Task brief → Every line below is to be copied exactly, with the pictures left out.

Source material →
*** Block opens ***

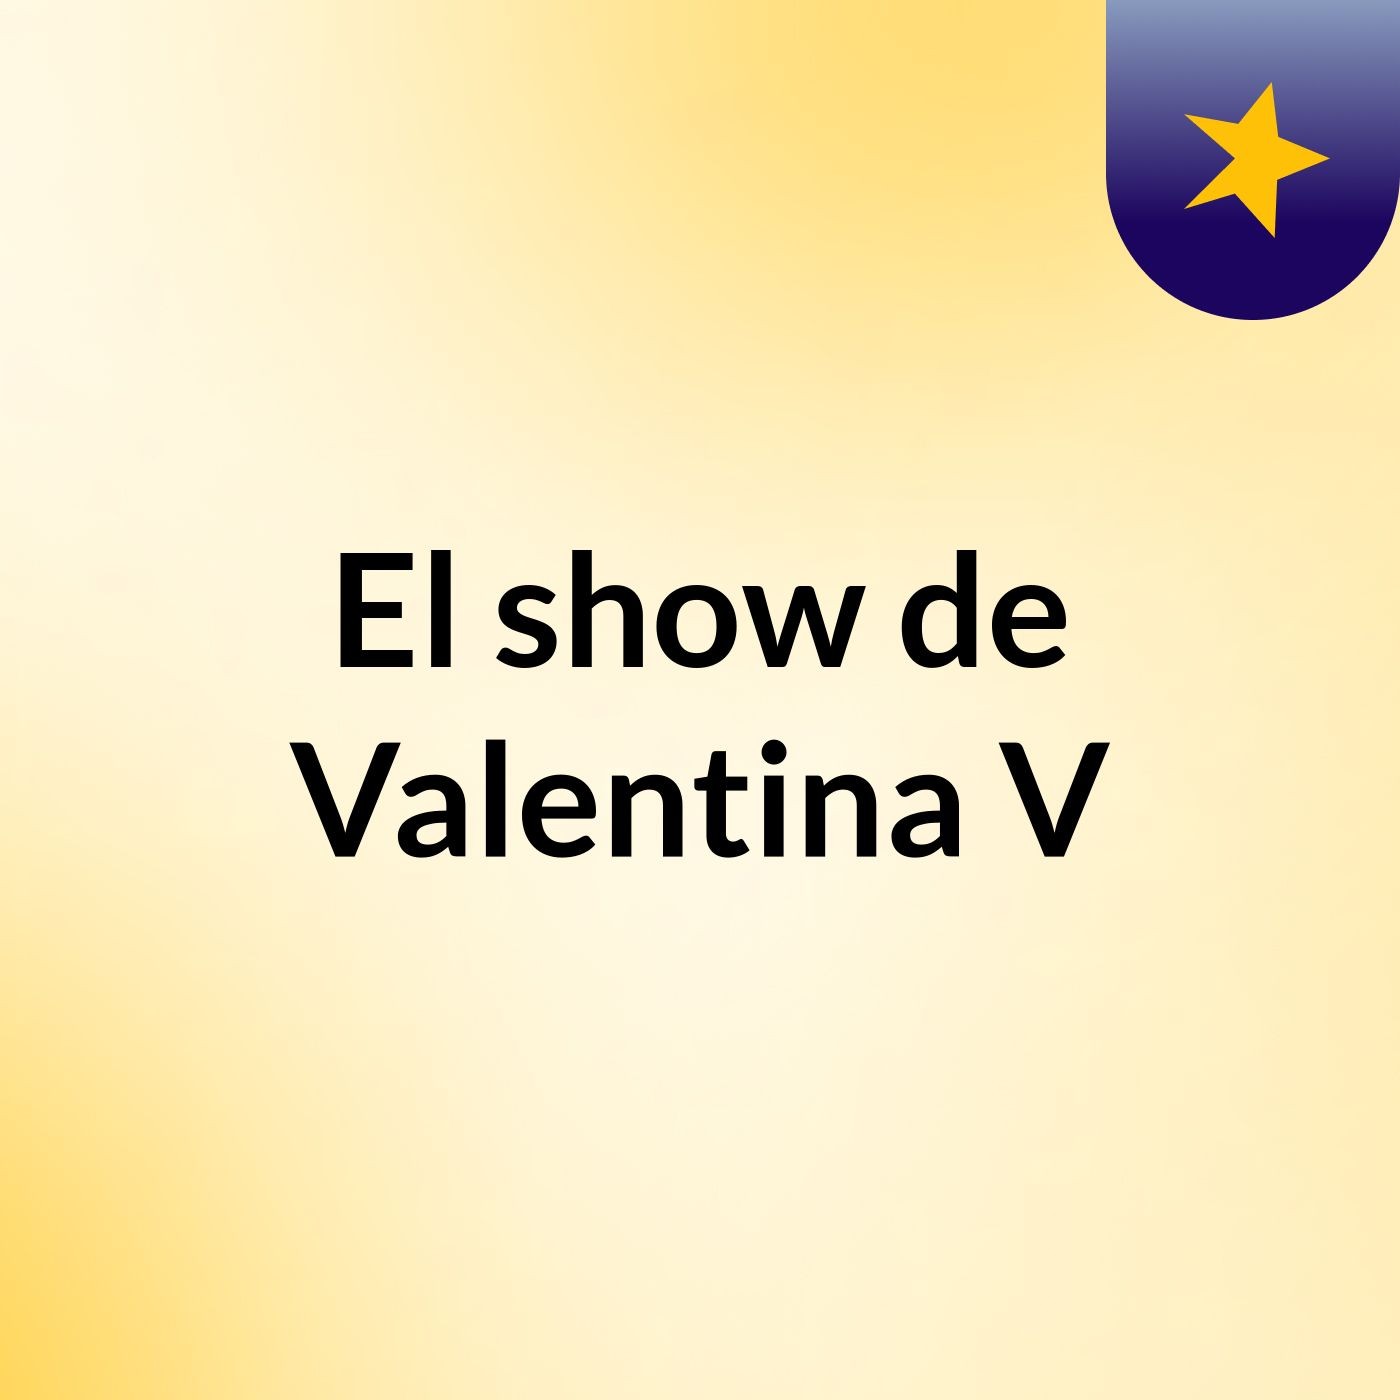 El show de Valentina V
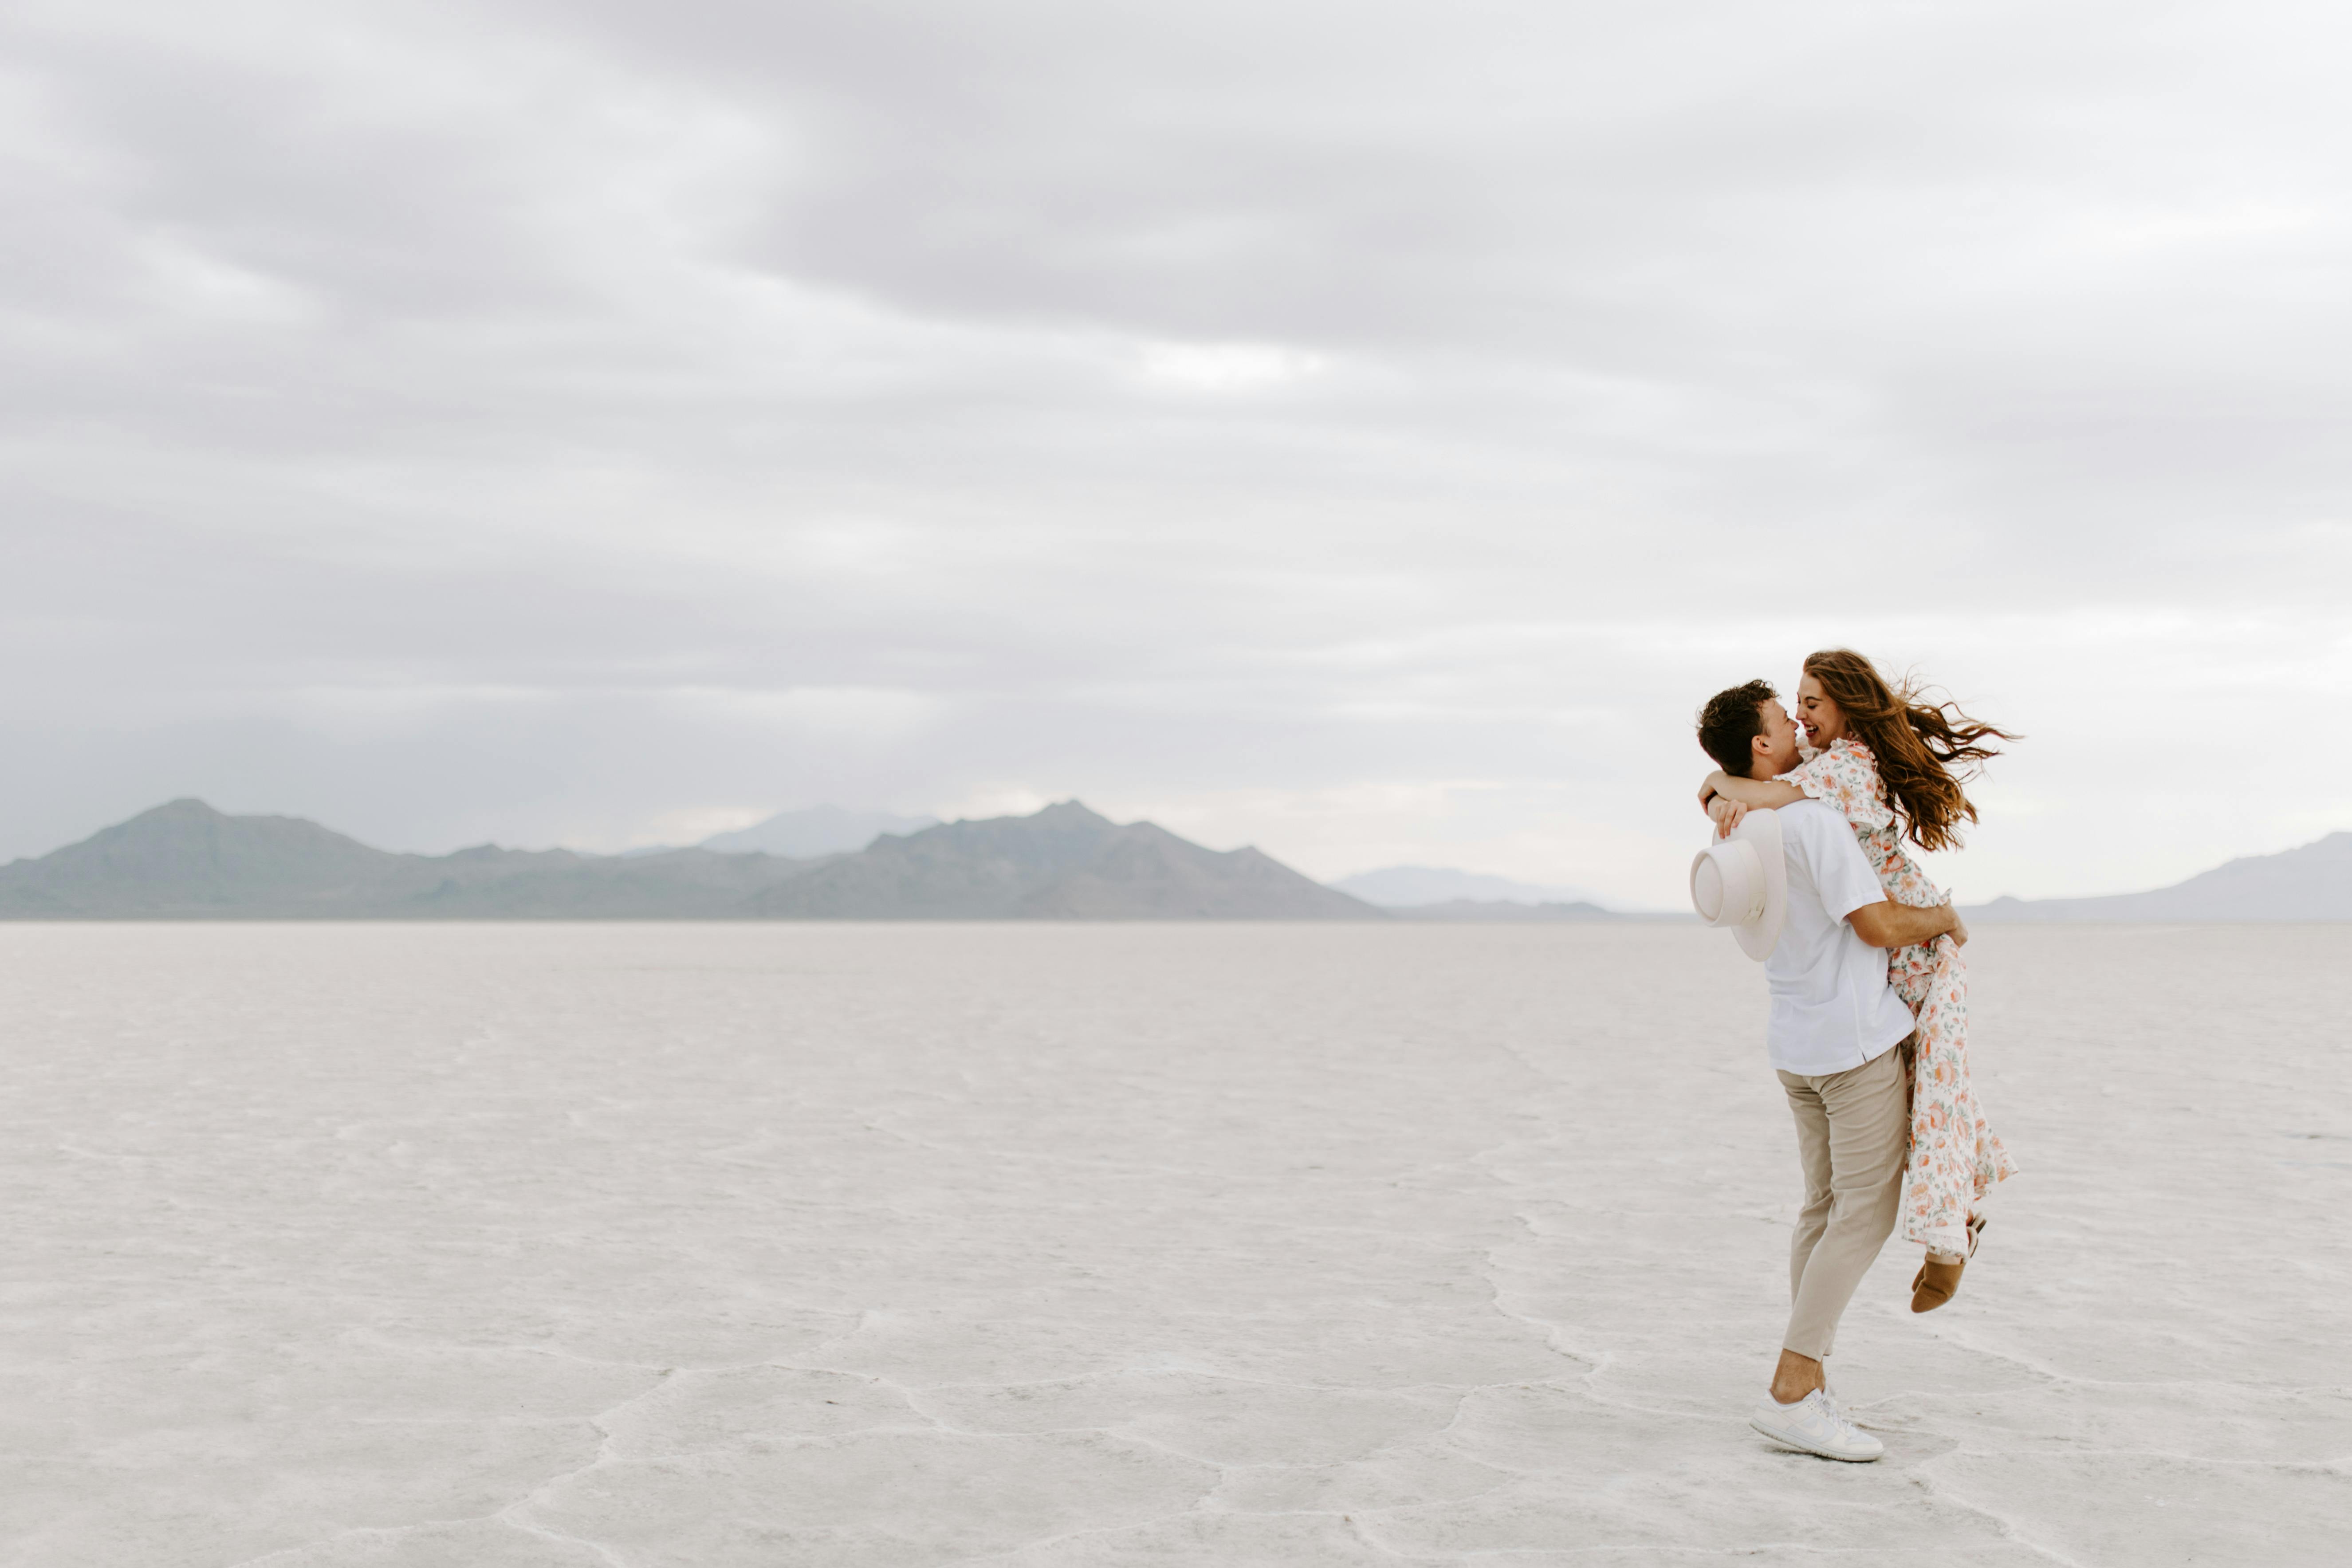 Un couple s'embrassant dans un désert de sable blanc | Source : Pexels
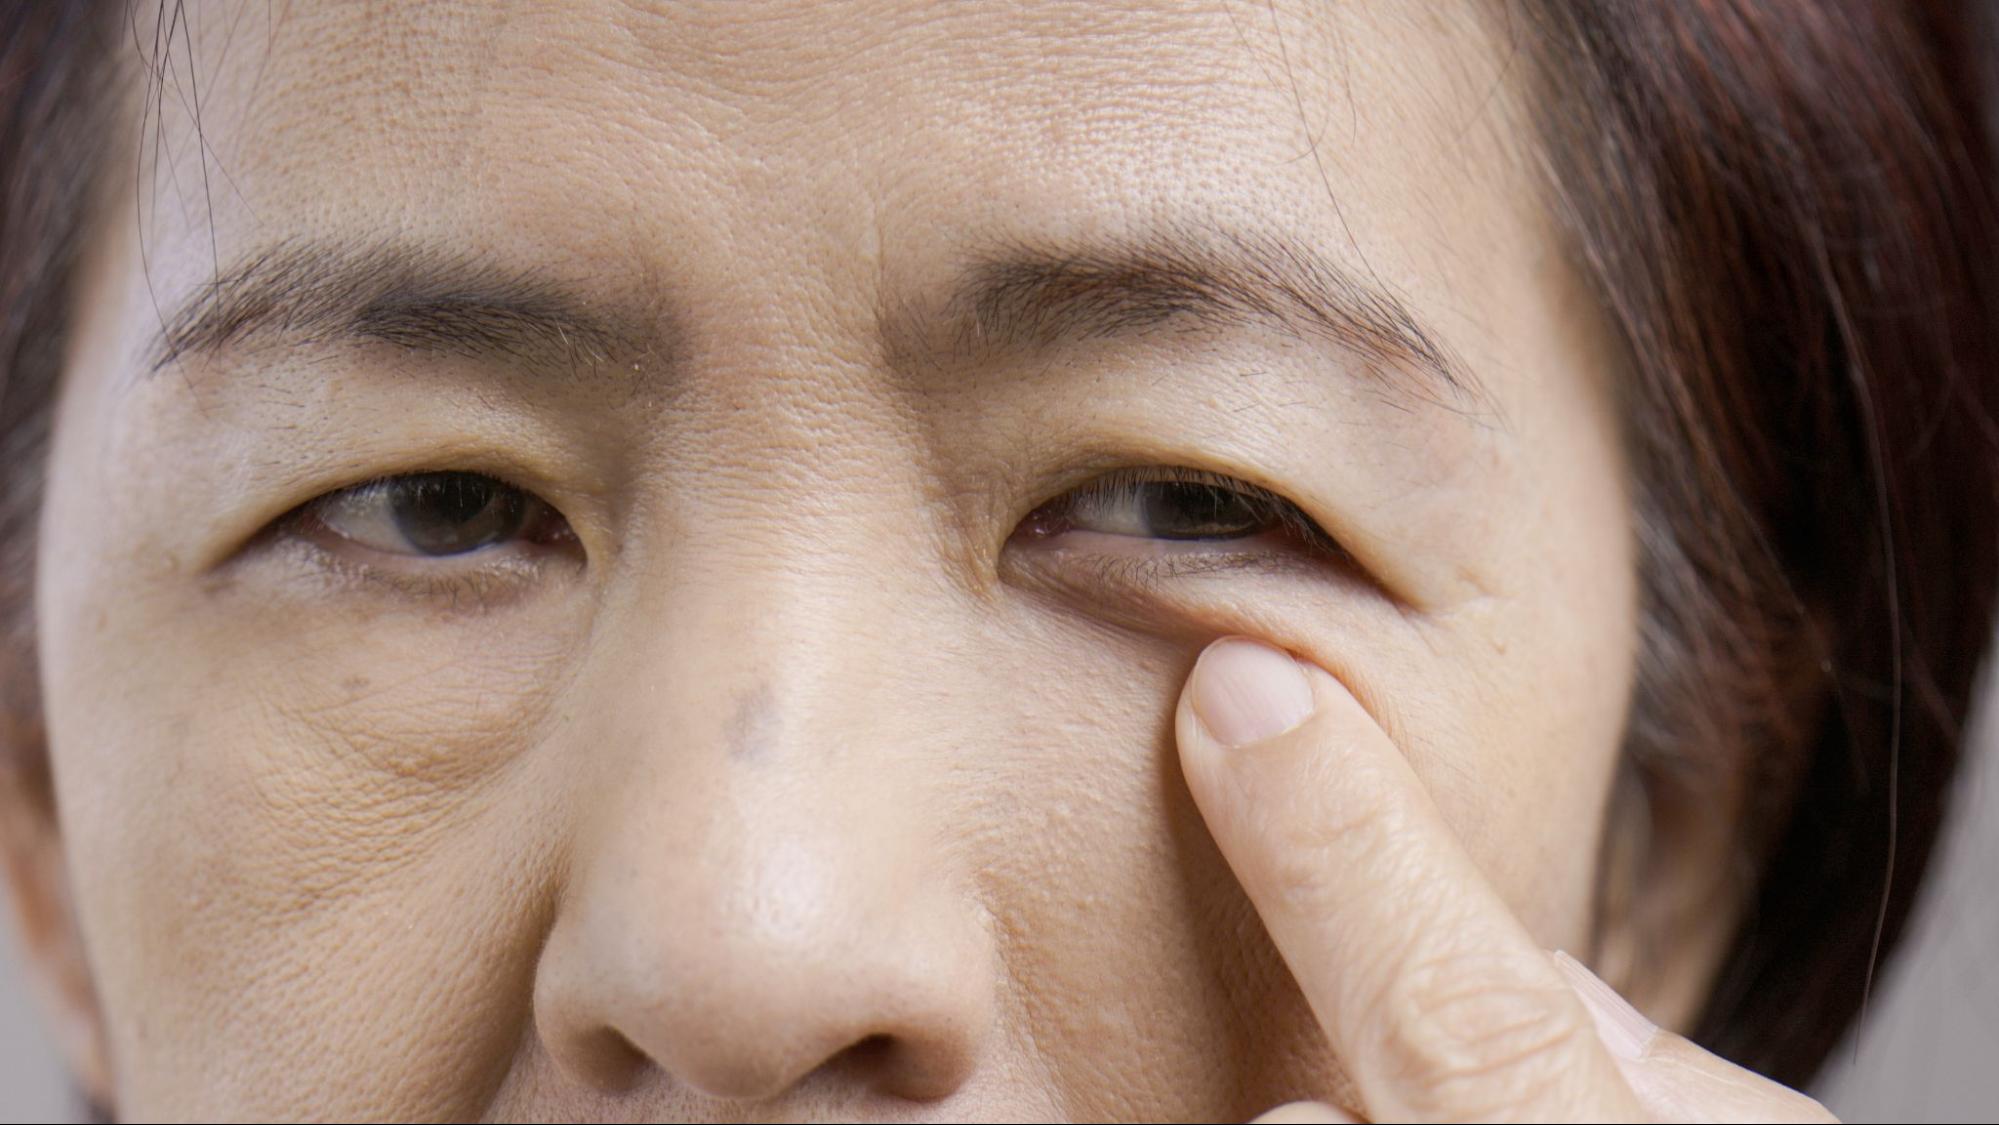 突然片目だけが眼瞼下垂になる原因は病気の可能性も
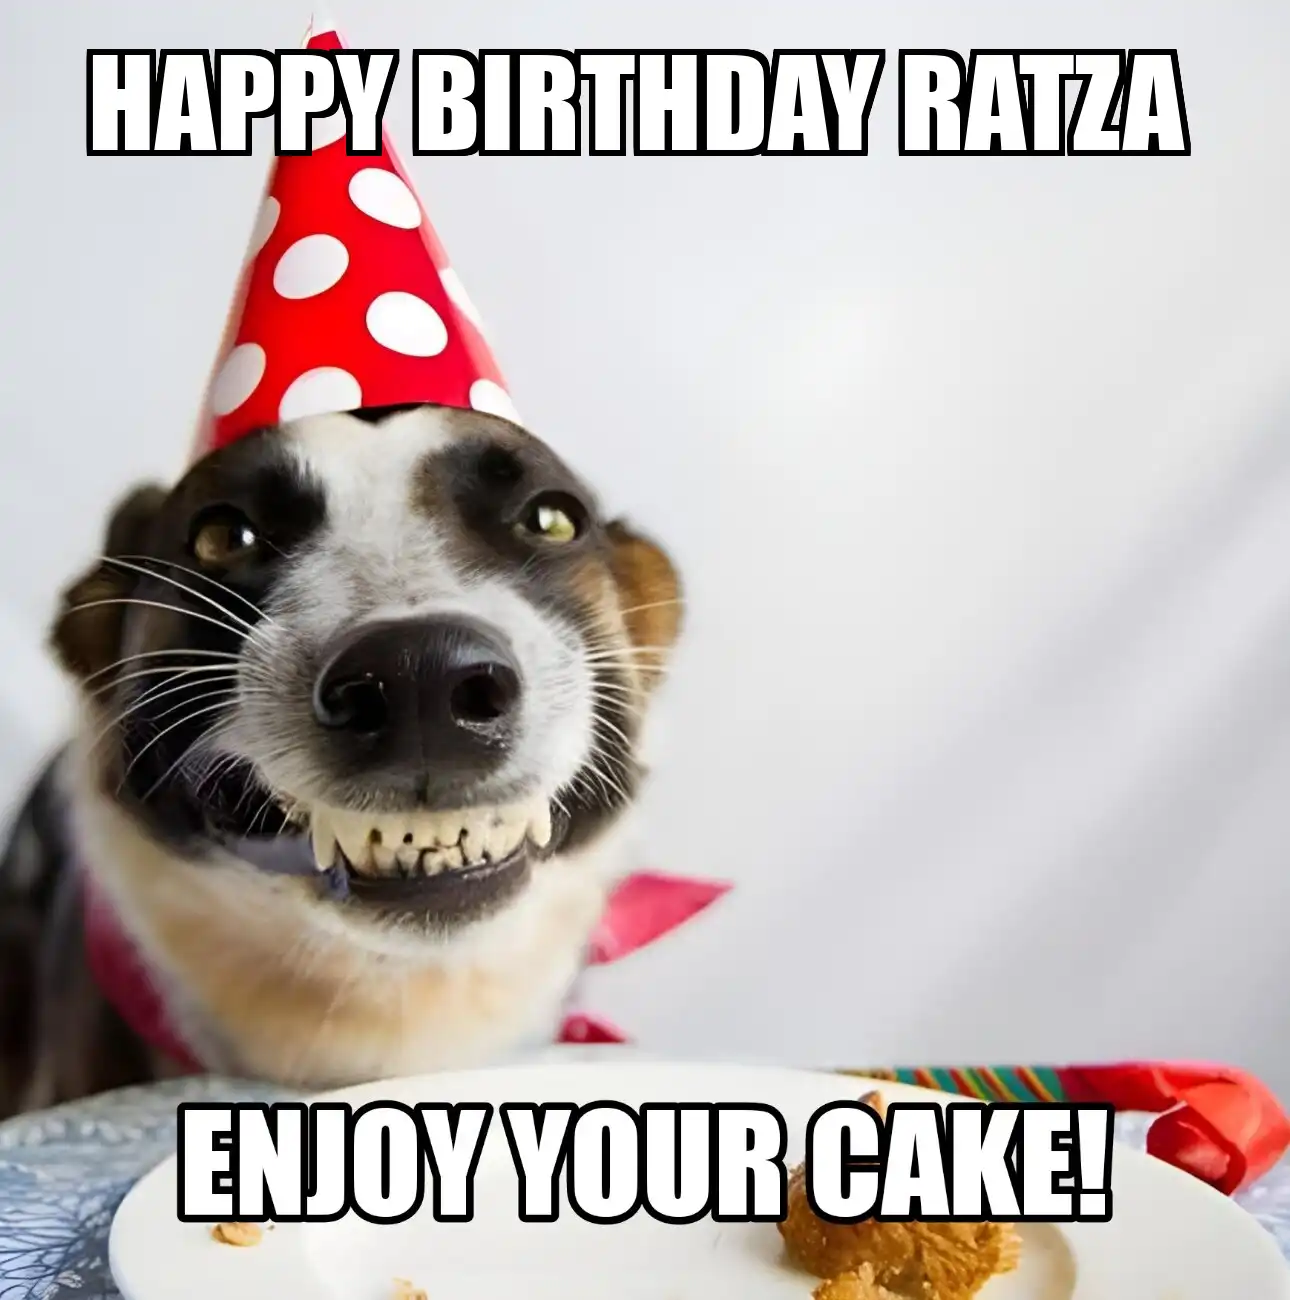 Happy Birthday Ratza Enjoy Your Cake Dog Meme

*** Block closes ***

Expected answer →
 El show de Valentina V
 Un couple s'embrassant dans un désert de sable blanc | Source : Pexels
 突然片目だけが眼瞼下垂になる原因は病気の可能性も
 Happy Birthday Ratza Enjoy Your Cake Dog Meme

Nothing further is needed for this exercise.